For those that already know my story from this blog or from elsewhere, I’m happy to announce that today I received the recognition (‘erkenning’ in Dutch) of my MA from Hungary for the Netherlands on the second level. For the sake of those who are nursing similar ambitions to mine to become active (and salary-earning) members of the Dutch education system, I’d like to elaborate further. It may give you a good laugh …

First of all, to clarify for those who still don’t know what a second-level degree (‘tweedegraads bevoegdheid’) means in this country, let me quickly point out that from now on I have a paper to prove that I’m legitimately able and allowed to give English lessons to students in the secondary system between the ages of 12 and 15, which means the first three years of secondary education. This also means that my MA has actually been accepted as a BA, or something like that. Furthermore, it means that those members of my profession from the former Eastern Block who have studied to get degrees in two subjects at universities for five years (I also read Geography), will also be recognized as having completed three years of study at an Eastern-European high school (‘főiskola’ in Hungary), which would qualify them to teach in primary schools. If you have such a double MA from there, you should also first ask for this second-grade recognition. You won’t get the first-class recognition straight away, but will get second-grade if you ask for it.

If you still want to have first-grade recognition, you can choose to apply for – supervised – practice teaching for a year at a qualified secondary school on that level, or apply to a university to make it possible for you to follow a short programme to reach the same. But this latter also involves practice teaching.

Today I’ve decided to consider my cup half full, instead of pessimistically saying it’s still half empty. If you wouldn’t under any circumstances like to admit that all coins have a second side, please don’t go on reading this. For others, I’d like to shortly explain why my other eye still has tears in it.

The tears may come from crying, but in my case, they may also result from laughing. Hard.

On the one hand, before this recognition, I was told that I can’t have followed enough education in English with two majors compared to Dutch students following one. I wonder what I didn’t read or discuss in my five years. Was there anything missing from Beowulf through Chaucer through Marlow and Dryden to Mary (or Percy Bysshe) Shelley to Laurence? Not to mention all the Americans? Or have I missed a rare use of a particle or preposition in the grammar course? Thirty-four years ago. Guess how much of that knowledge I have had to use through the decades of my career. If I have missed anything in grammar classes, I have definitely had to make up for it through teaching.

Anyway, if I want to get first-degree appreciation, I get the chance to brush all those up, and fast. Time is not on my side.
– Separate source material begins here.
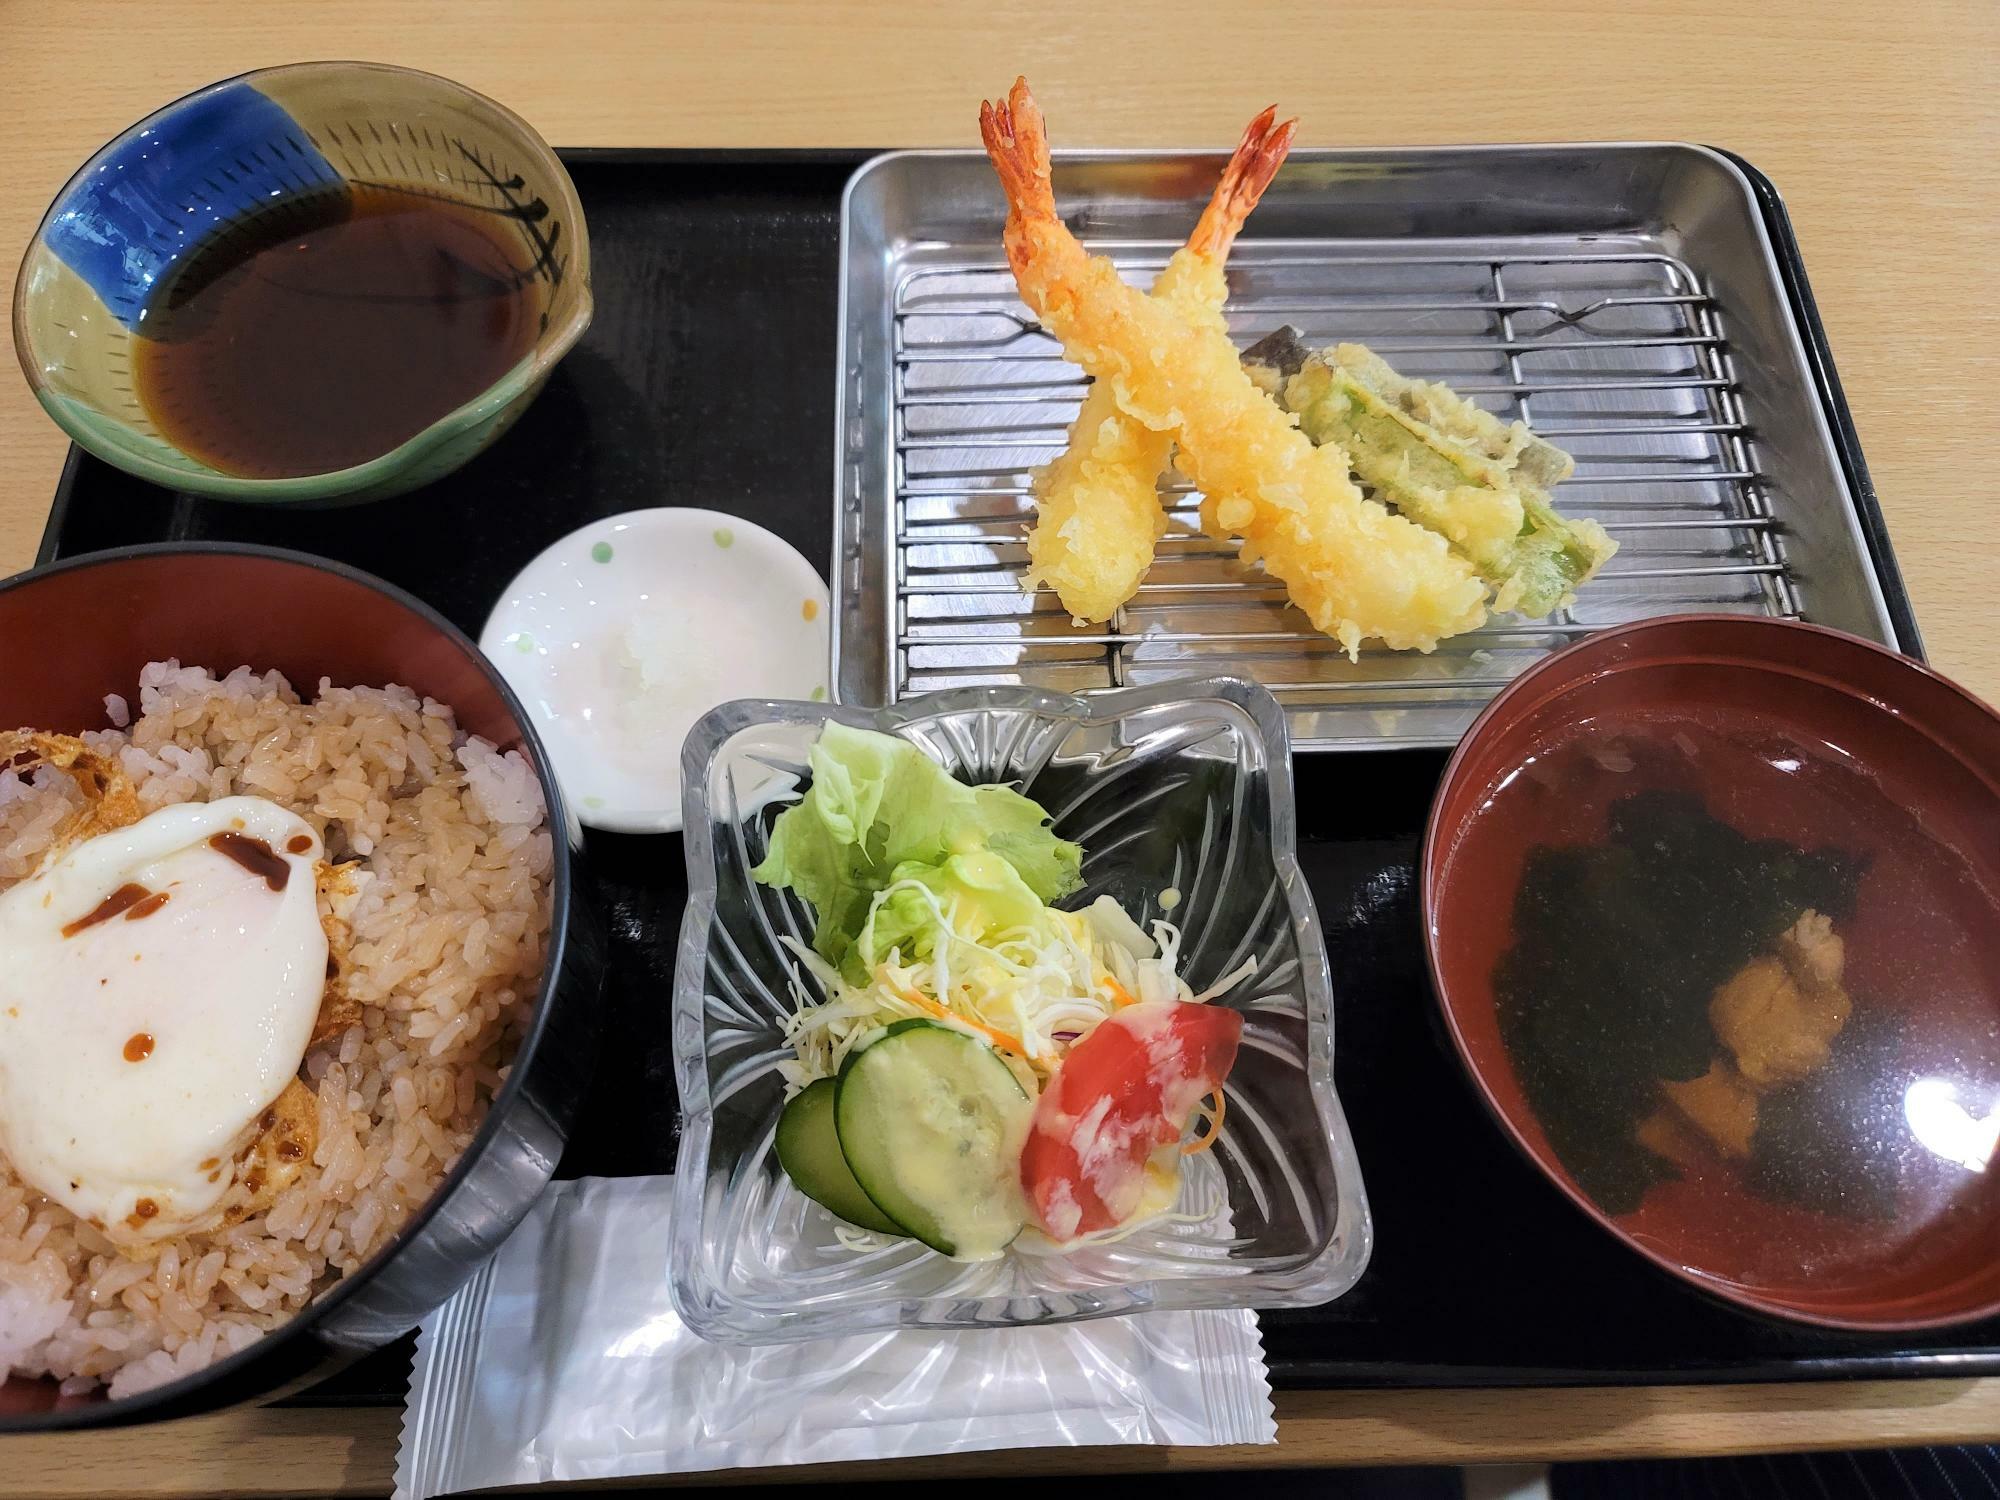 「特上天ぷら定食（1,100円）」。天ぷらはまだすべてそろっていない状態。

On the other hand, now I’m allowed to teach kids of ages that I mostly never taught – those under 14. This is where I have no experience and methodological background, nor psychological leanings or instincts. I’m not the playful type. I’m rather the logical and culturally and otherwise interested type. But I can’t teach those who I’ve been teaching for 30 years and more-or-less successfully have been working with. In short, I can’t teach those and how I am able to teach and can teach those and how I’m not able to teach because I may not have been educated enough 34 years ago in facts that a teacher hardly ever uses while teaching, although I’ve read almost everything important published since my graduation, which I doubt very much that a lot of Dutch English teachers ever read. I find this a lovely contradiction, don’t you? But, of course, I’ll do my best if I get the chance.

Finally, a little bit about the supervising we may get during practice teaching from my own point of view. I got training for, and did supervising, or mentoring, or coaching for would-be teachers in Budapest for a decade. It may be interesting to become a ‘mentee’ once again, perhaps supervised by somebody younger and less experienced than I am. However, I definitely have less experience in classes in the Dutch system, so I have to try to look forward to hearing “but we here in the Netherlands …” a lot, possibly followed by remarks like ‘I’ve never hear about Murphy’, or ‘What is First Certificate Language Practice by Vince? I’ve never used anything like that’, and ‘Where can I get Inside Out or English Panorama?’ On the other hand, I’ll have to brace myself to translate the Dutch in the English language tests.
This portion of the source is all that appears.